When asked if obtaining the specialization met their expectations, all 136 respondents reported that it did. When asked how it met their expectations, respondents indicated that the specialization made it possible for them to obtain new knowledge about health information (23%; n=31), taught them about new resources (14%; n=19), increased their confidence to provide health information (13%; n=18), and increased their skills (10%; n=15). Although the specialization met expectations, respondents’ intentions to renew their Level I specialization or continue to Level II without the support of the NNLM sponsorship program was low. While more than half of respondents (65%; n=87) planned to renew their CHIS certificate, most (72%; n=96) would not pay out of pocket or were unsure about doing so. Similarly, a third (35%; n=47) planned to obtain Level II CHIS, but most (66%; n=88) of these participants were unsure about paying out of pocket or would not do so.

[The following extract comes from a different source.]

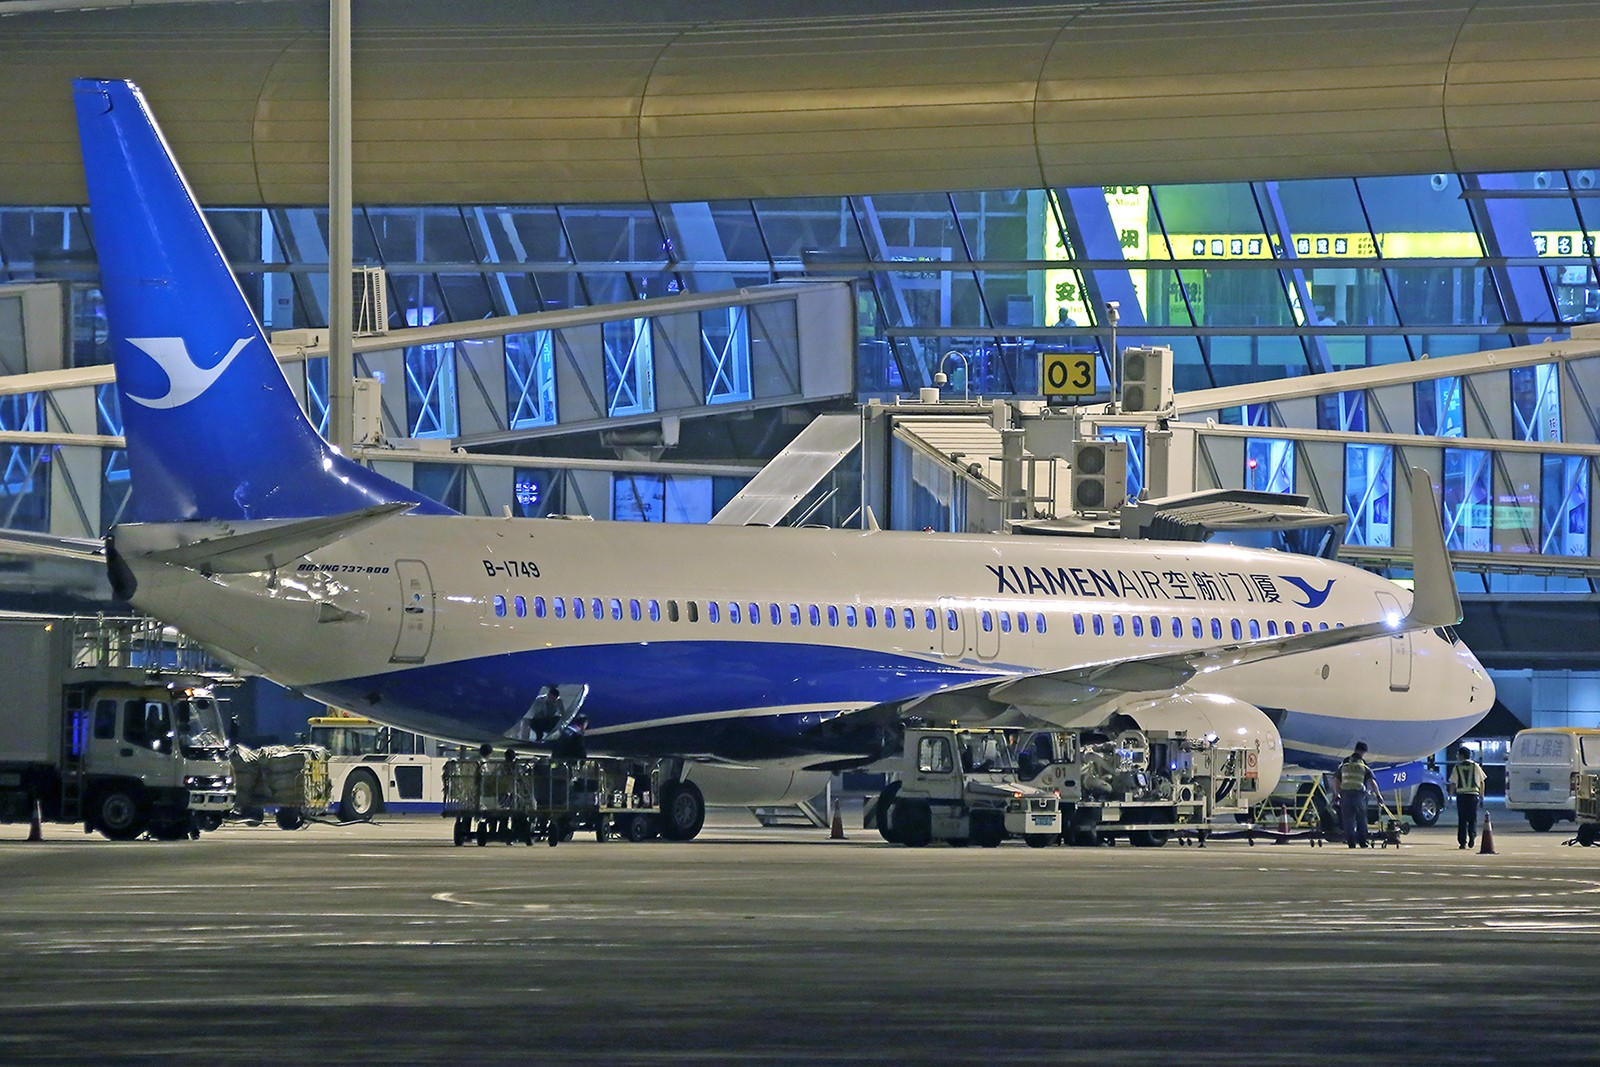 Re:[原创][合肥飞友会]霸都打鸡 找个机会白天打华航 顺便看看期待已久的迪斯尼 BOEING 737-800 B-1749 中国合肥新桥国际机场

The purpose of the sponsorship pilot undertaken by NNLM was to support a key goal of the NNLM All of Us National Program—namely, to increase the capacity of public libraries to provide health information to their communities. Our findings indicate that the sponsorship pilot was successful in supporting this goal by increasing the skills, knowledge, and confidence of participants in providing consumer health information. This was illustrated by the increase in mean self-reported competency for each of the CHIS competencies and the increase in confidence after completing the specialization.
Training opportunities offered toward obtaining the specialization, which NNLM makes available at no cost, address a need for professional development communicated by staff in prior studies [23, 24, 25]. Further, the skills and confidence gained by public library staff through the specialization training establish expertise at public libraries across the country. As one responded shared, “there is now a point person for health-related questions, which is an area that frightens most librarians.” This underscores the value of having a library team member trained in providing health information.
The pilot was successful in generating new services, programming, and outreach activities at public libraries. These activities further establish public libraries as a resource for health information and wellness activities within their communities. Examples shared by respondents included revamping their library's collection of health information databases, establishing a consumer health corner in the library, programming a guest speaker on a health topic, bringing in a mental health first aid class for staff, creating a health information page on the library's website, and initiating a grant-funded, district-wide health and wellness initiative. One respondent shared that obtaining the specialization “opens the doors to programming opportunities we hadn’t thought of before or didn’t want to do for fear of providing misinformation.”
Beyond supporting the goal of the NNLM All of Us National Program, the training and outreach activities initiated by the pilot support the mission of NNLM to “[improve] the public's access to information and enable them to make informed decisions about their health” . Many sponsorship recipients interacted for the first time with their Regional Medical Library after completing the specialization, which was perhaps not surprising given that the training and sponsorship raised awareness of NNLM. Also, the sponsorship program resulted in an increase in new NNLM public library funding applicants, as demonstrated by the number of survey respondents who later applied for funding. If NNLM seeks new funding applicants from public libraries, continuing the sponsorship is proven to generate these applications.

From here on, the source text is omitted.